Closed xukai92 closed 6 years ago
That would be great! ReverseDiff is the only package I have gotten to work with my seemingly exotic nested differentiation use case. (ReverseDiff(ForwardDiff) mixed). For reference, almost no packages support differentiation through the following (simplified)
f(w,x) = NeuralNetwork(w,x)
# Return closure over x
function loss(w,x)
∇xf(x) = jacobian(x->f(w,x), x) # This closes over latest w
w -> cost(w) + norm(∇xf(x)) # Loss function contains nested differentiation of the model with respect to the input
end
l = loss(w,x)
gradient(l,w) # Good luck with this
I solve it by taking the jacobian with ForwardDiff and the outer gradient with ReverseDiff. It is very slow (creating and compiling the reverse tape can fill my 16GB of ram), but works.
It also breaks Klara.jl c.f. https://github.com/JuliaStats/Klara.jl/issues/174
I have a branch that's passing tests on v0.7 now with only a few deprecation warnings left to tackle, but they'll require some work (the A_mul_B
deprecations). I also have not yet updated to the new broadcast machinery, and expect it to be nontrivial.
Won't have a lot of time to work on it in the next few days, but hopefully will be able to get a PR in at the end of the week.

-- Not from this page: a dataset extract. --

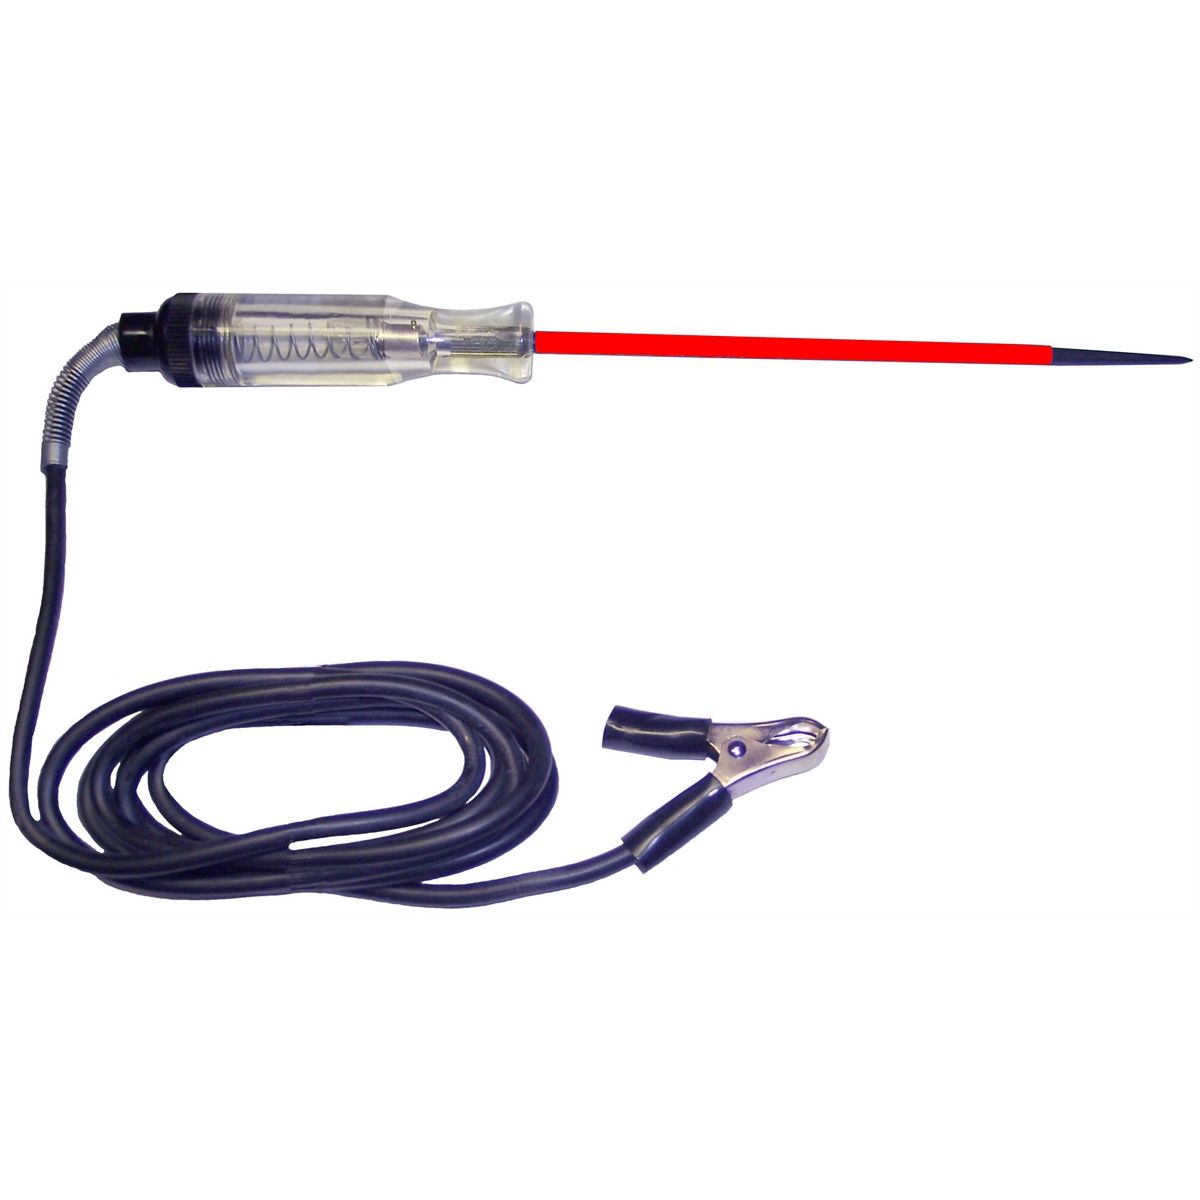 Circuit Tester - Heavy Duty & Extra Long - Red Probe

ReverseDiff isn't actively developed anymore now that there are so many similar AD packages and I'm trying to work on some next-gen stuff, but I can probably at least update it for v0.7/1.0 so people can keep using it until Capstan is ready. I'll try to get to it by next week sometime.
In the meantime, one could try Nabla.jl, AutoGrad.jl, Flux.jl, or XGrad.jl.